Running METISSE via Python (Optional)

This notebook uses a Python wrapper for METISSE for convenience and automation.
You can use this interface to define input parameters, run simulations, and analyze output directly within Python.
However, if you prefer, feel free to run METISSE directly in Fortran using the command-line executable instead.
Both approaches produce identical results — the wrapper simply streamlines setup and file handling.
  • This tutorial was generated from a Jupyter notebook using NBSphinx.
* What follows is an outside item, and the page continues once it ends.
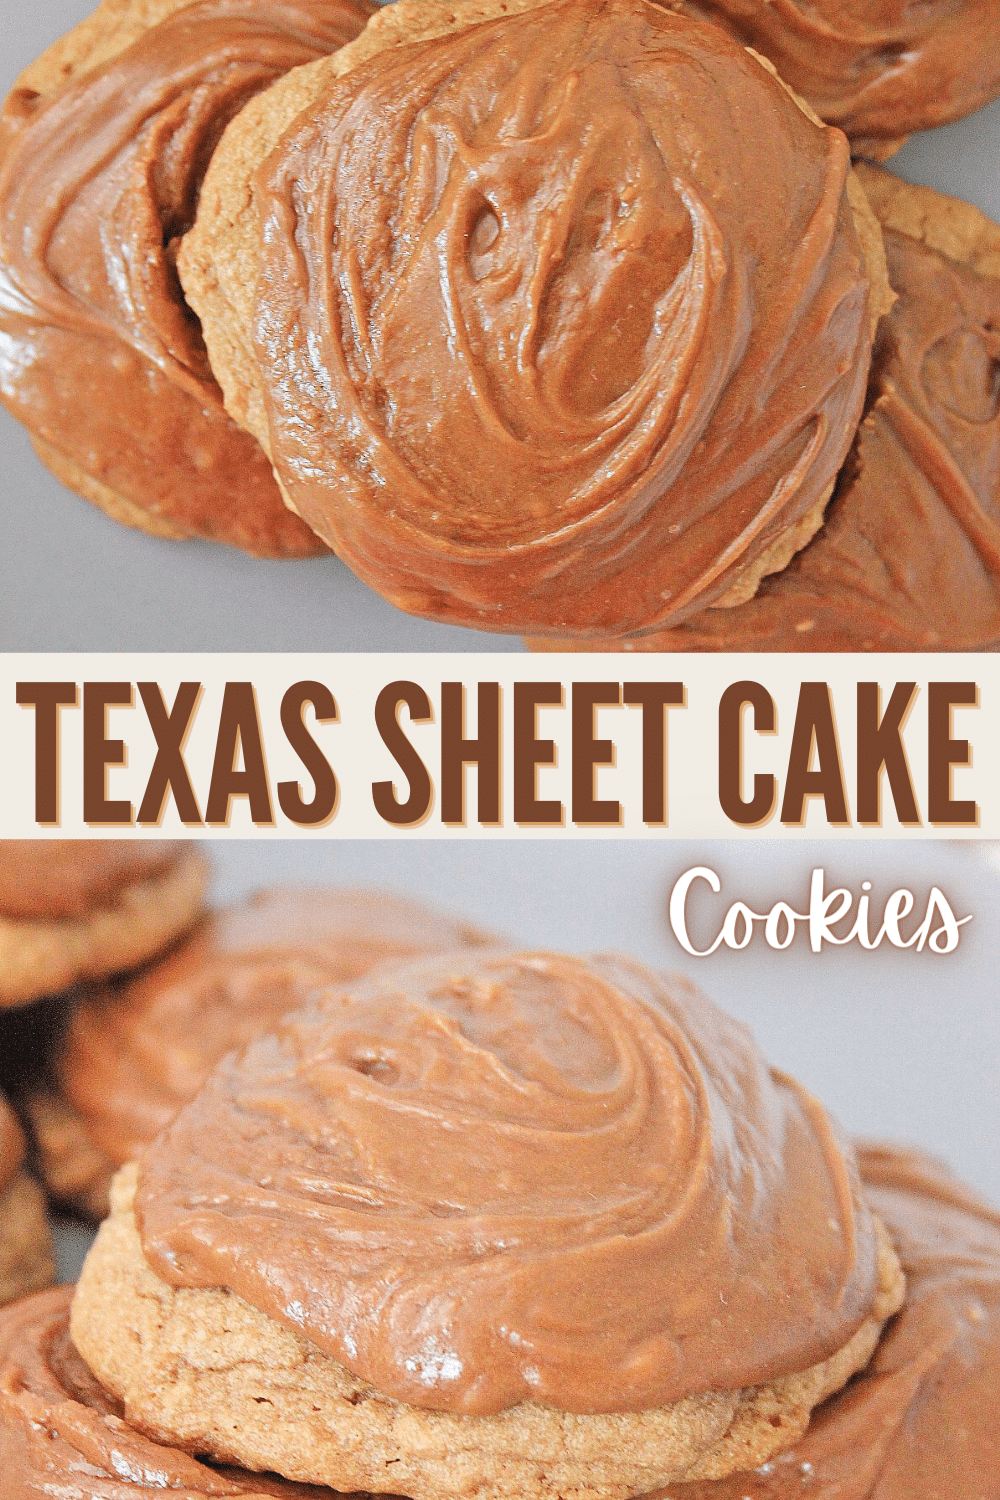 These Texas Sheet Cake Cookies are soft and chewy cookies that are sweet and chocolaty. The cookies are so delicious and everyone loves them! #texassheetcake #cookies #chocolate #chewycookies #recipe via @wondermomwannab

The notebook as well as the python wrapper for metisse are available here.

  • If you choose to run this notebook, make sure the paths in the notebook for METISSE_DIR, run_dir and the track libraries are correct.

Import Python Packages

[1]:
from pathlib import Path
import numpy as np
import os
import metisse_wrapper as mw

Set up paths for running METISSE and saving output

[2]:
# replace it with your path

METISSE_DIR = "../../.."
run_dir = os.path.join(os.getcwd(),'run')
# Check if run_dir exists; if not, create it
os.makedirs(run_dir, exist_ok=True)

Compile METISSE (this will call ‘./mk’ in METISSE_DIR and copy the executable to run_dir). The optional clean variable cleans up the executables in the source directory. Set it to False if run_dir and METISSE dir are the same.

[3]:
mw.compile_metisse(METISSE_DIR, run_dir, clean=True)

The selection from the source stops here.